I.A. Bogomolova1,3, Yu.D. Udalov1,2, L.A. Belova3, L.A. Danilova1, I.V. Kozlova1, A.A. Kuvayskaya1,3
1Federal Scientific Clinical Center for Medical Radiology and Oncology of the FMBA of Russia, Dimitrovgrad
2State Research Center ― Burnazyan Federal Medical Biophysical Center of the FMBA of Russia, Moscow
3Ulyanovsk State University, Ulyanovsk
Bogomolova Irina A. ― Head of Antitumor Drug Therapy Department of Clinical Inpatient Hospital, Oncologist of the Federal Scientific Clinical Center for Medical Radiology and Oncology of the FMBA of Russia
5v Kurchatov Str., Dimitrovgrad, 433507, Russian Federation, tel. +7-908-482-41-26, e-mail: bogomolovaia@fvcmrfmba.ru, SPIN-код: 7873-1172, ORCID ID: 0000-0003-3331-8632
Abstract. Chemotherapy-induced peripheral neuropathy (CIPN) is one of the most common drug-induced side effects, with a prevalence ranging from 19 to 100% [1]. Clinically, CIPN is mainly a sensory neuropathy that can be accompanied by motor and autonomic disorders of varying severity, intensity, and duration. The most common symptoms are tingling, numbness, and loss of proprioception with a symmetrical stocking-and-gloves distribution, while neuropathic pain is seen in only some patients [2-4].

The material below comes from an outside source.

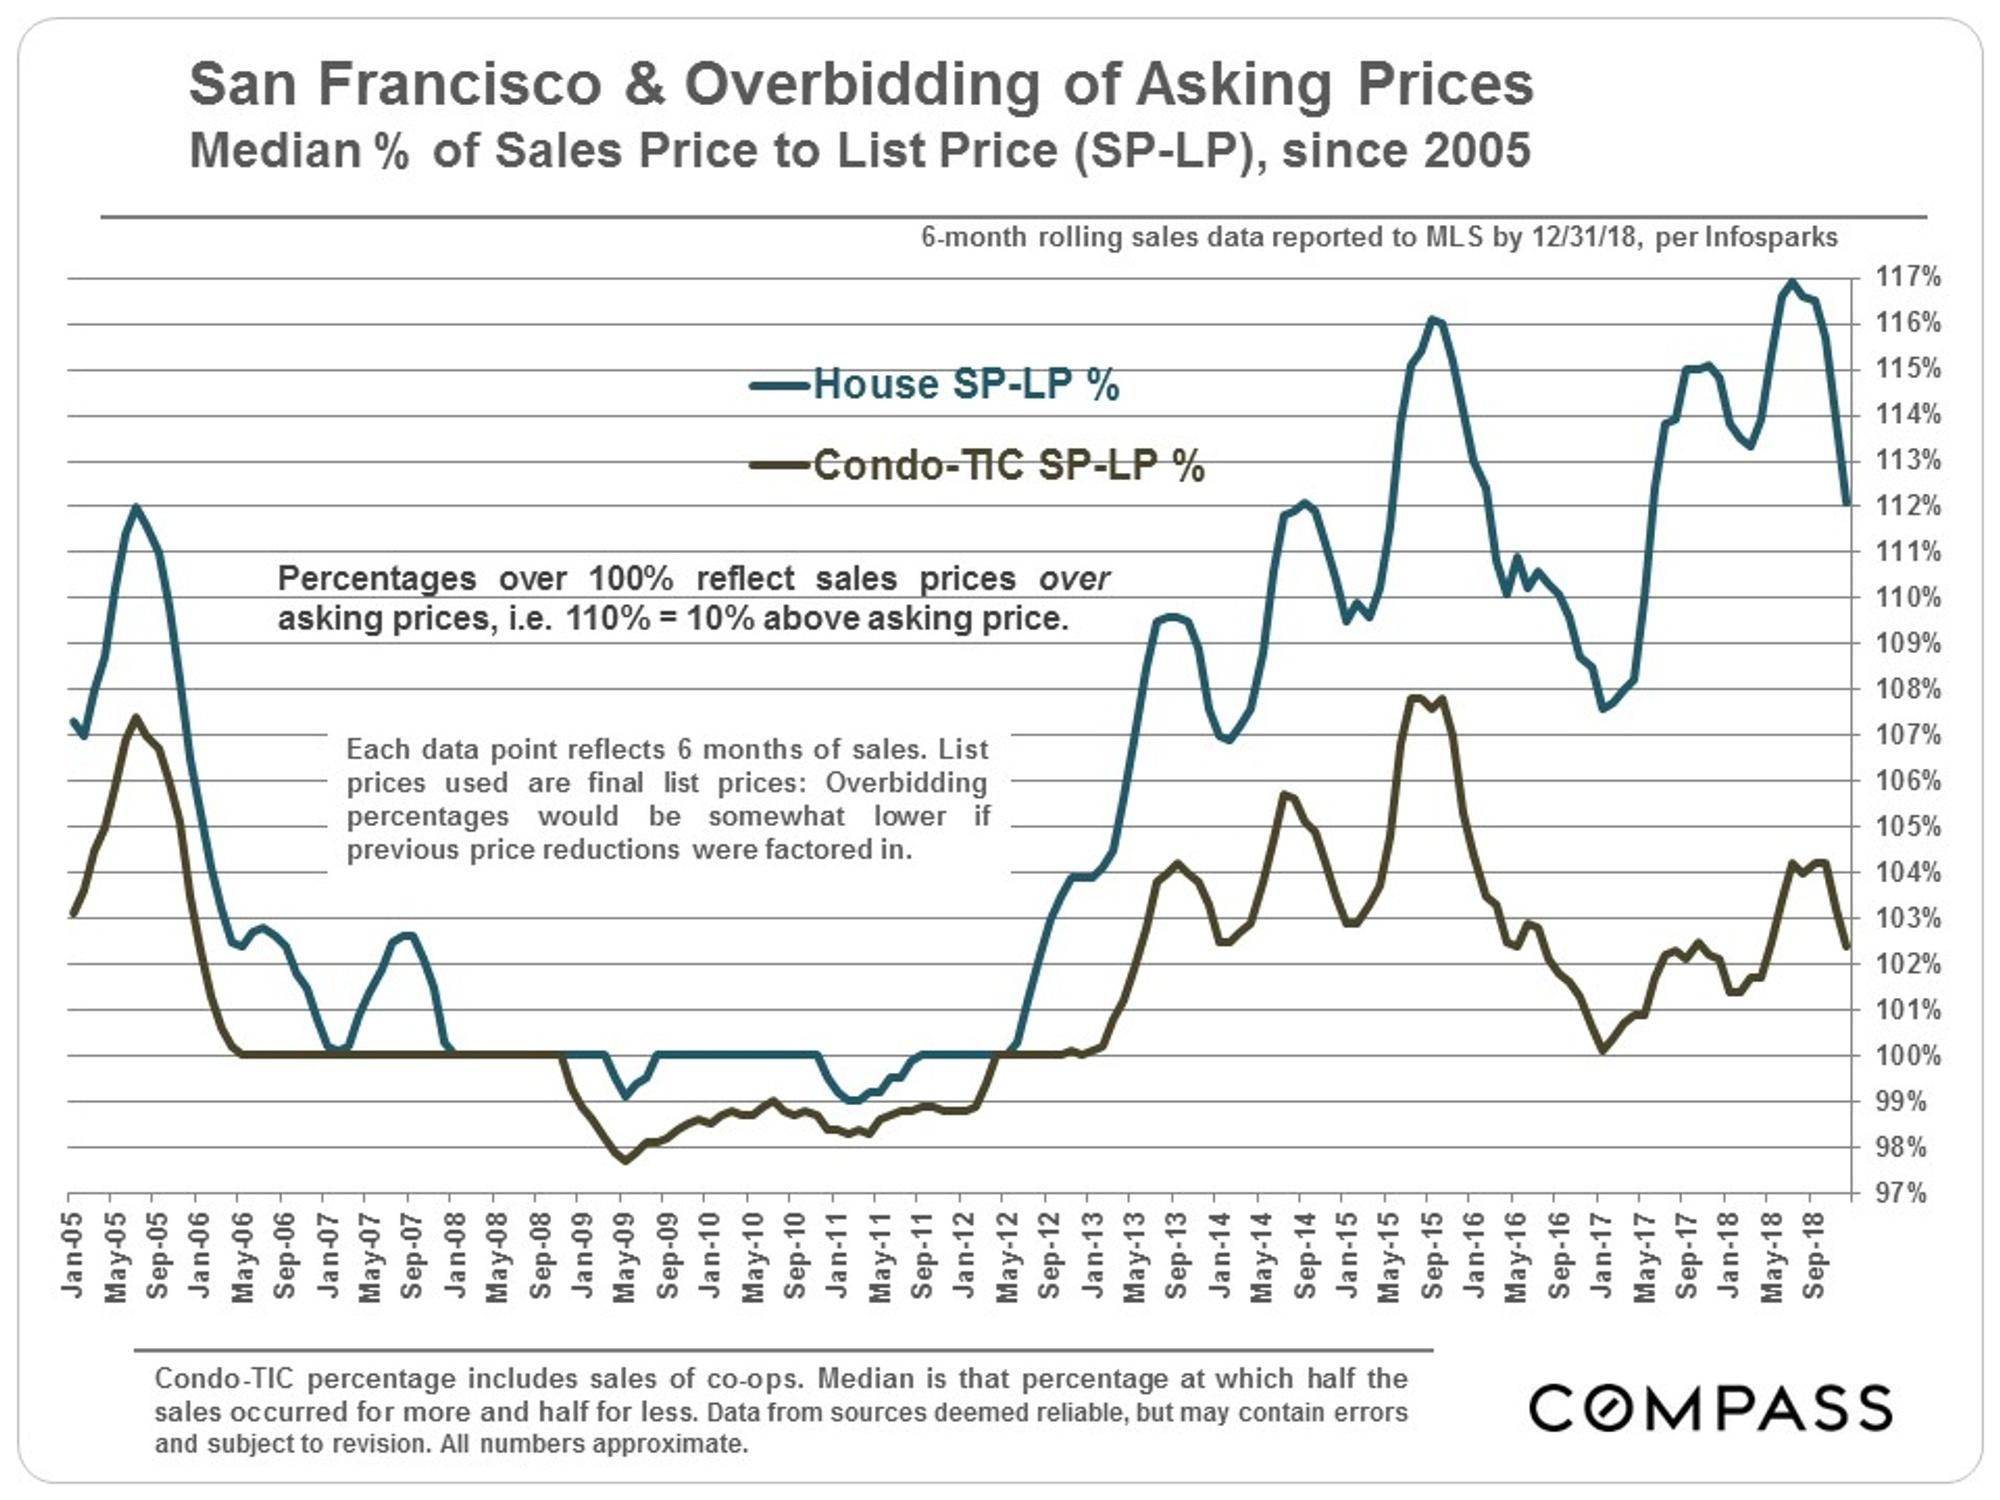 Looking Back on 2018 San Francisco Real Estate - HarukoSF com

Due to its high prevalence among cancer patients, CIPN is a major problem for both patients and physicians. Peripheral neuropathy reduces the quality of life of cancer patients, adherence to treatment, and may require a reduction in the dose of cytostatics or even discontinuation of therapy, thereby limiting the effectiveness of cancer treatment. In addition, there is no single effective method of prevention and treatment so far that could prevent or alleviate the symptoms of CIPN [5].
Key words: chemotherapy-induced peripheral neuropathy, colorectal cancer, drug therapy, sensory neuropathy, treatment of peripheral polyneuropathy, rehabilitation.